Трех- и четырехэтажные дома, сложенные из бледно-бурого кирпича, были расставлены без всяких покушений на выдумку, параллельными рядами, напомнившими Терезе военно-воздушные базы ее детства. Лишь очень немногие деревья смягчали грубые очертания этих зданий, сады и скверы почти отсутствовали. Чуть ли не вся поверхность земли была залита бетоном. Мостовые, тротуары, проезды, автостоянки. Все улицы были окаймлены рядами машин, припаркованных двумя колесами на тротуаре. В недлинном торговом ряду имелись универсальный магазин, магазин спутниковых антенн, букмекерская контора, пункт видеопроката и пивная. Главная улица шла прямо по гребню холма, за строем посаженных вдоль нее деревьев мелькали высокие борта грузовиков. И — вездесущая вонь выхлопных газов.
С трудом найдя место для парковки, Тереза вышла из машины и сразу же пожалела, что не оделась потеплее: дувший с моря ветер пронизывал до костей. В нижних частях города ветер был не так уж заметен, но здесь неровности склона создавали своего рода аэродинамическую трубу, дававшую ему разгуляться в полную силу. Судя по тому, что все незащищенные домами деревья клонились в одну сторону, ветер дул здесь если и не все время, то весьма часто. Нужный дом нашелся без всякого труда, даже в этой непрезентабельной округе он заметно выделялся в худшую сторону. Сейчас в нем явно никто не жил: все окна и дверь первого этажа заколочены досками, среди остальных окон, во всяком случае — по фасаду, нет ни одного целого. На бетонном крыльце и за углом трепыхаются обрывки оранжевой полицейской ленточки. Траву перед домом не подстригали несколько недель, если не месяцев: несмотря на зиму, она буйно разрослась.
Этот дом был последним в длинном ряду. Цифры 24 на двери подтверждали, что именно здесь жил Джерри Гроув в предшествующие бойне недели. Можно было догадаться, что жильцы съехали из этого дома, как только он приобрел печальную известность, а так, если бы не полная запущенность, он бы мало отличался от своих соседей. Тереза достала из сумки фотоаппарат и поснимала дом с разных точек. Две женщины, с трудом катившие в гору детские коляски, не обратили на нее никакого внимания.
Тереза попыталась подойти к дому с задней стороны, но тут ее остановил деревянный, в несколько футов высотой забор. Садовая калитка была заколочена доской. В заборе — щели от вывалившихся планок; Тереза заглянула в одну из них, но только и увидела что заросли сорняков и все те же заколоченные окна. Если бы очень хотелось, она преодолела бы ветхий забор без всякого труда, однако нужды в том особой не было, да и кто их знает, какие здесь правила. В какой-то момент полиция закрыла и опечатала этот дом. Продолжает ли он находиться под ее защитой? Да и кто в него полезет — кроме любопытствующих вроде самой Терезы?
Тереза отошла от забора и пару раз сфотографировала окна верхнего этажа, сама удивляясь, зачем ей это. Жалкий запушенный дом, ни в чем не отличный от всех прочих домов этой улицы; с тем же успехом она могла бы снять любой из них.
Ни в чем, кроме небольшого обстоятельства, что он — тот самый.
Тоскливо все это. Тереза спрятала камеру и снова сверилась по карте. Тонтон-авеню совсем рядом, через одну улицу, параллельно Брамптон-роуд и выше по склону. Легче дойти пешком, чем снова искать место для парковки.

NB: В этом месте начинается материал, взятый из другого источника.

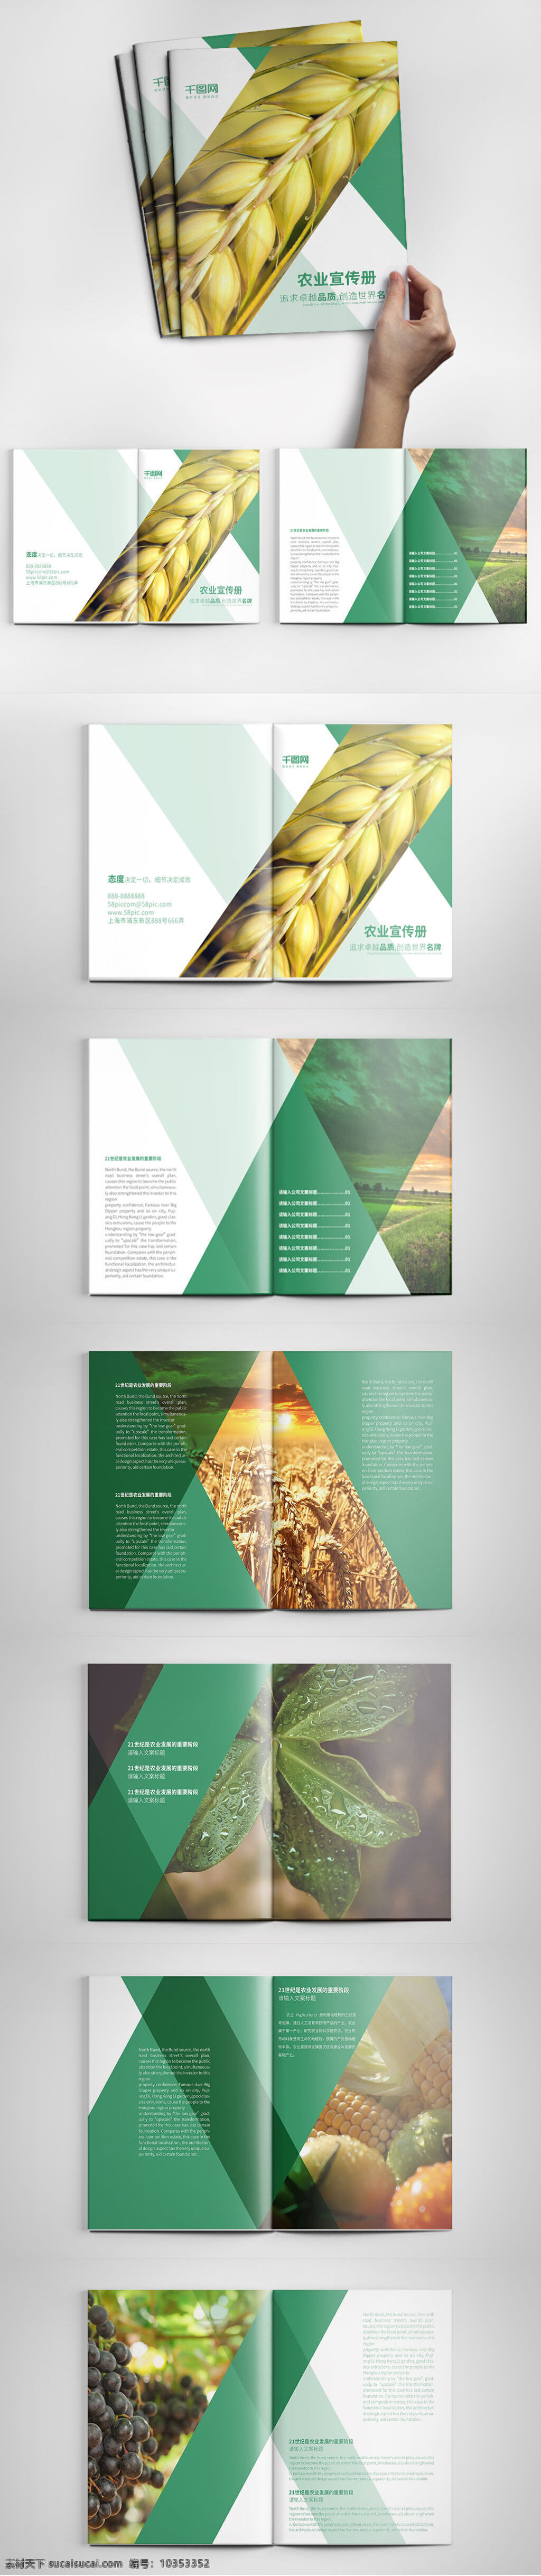 绿色农业 宣传画 册设计 模板 大气画册 公司宣传画册 画册设计 绿色画册 农产品画册 农业画册 企业画册

Женщины с колясками ушли вперед, но не очень еще далеко. Тяжело им, склон хоть и не крутой, но длинный. Остановившись, чтобы отдохнуть, Тереза оглянулась и увидела около мили непрерывного подъема. Она ужаснулась, представив себе, что это такое — таскаться здесь туда-сюда с детской коляской или продуктовыми сумками.
Когда Тереза дошла до Тонтон-авеню, эти женщины продолжали упорно карабкаться вверх, и она почувствовала облегчение, что не пришлось обгонять их и, возможно, даже переброситься с ними парой слов. Облегчение, а вместе с тем и что-то вроде вины. В этом вдребезги разбитом мире она ежесекундно ошущала свой статус чужака, чужака, не имеющего права на что-то надеяться. Она и себе-то с трудом объясняла, для чего ей потребовалась эта дорогущая поездка в Англию, и совсем не хотела объяснять это другим, посторонним ей людям.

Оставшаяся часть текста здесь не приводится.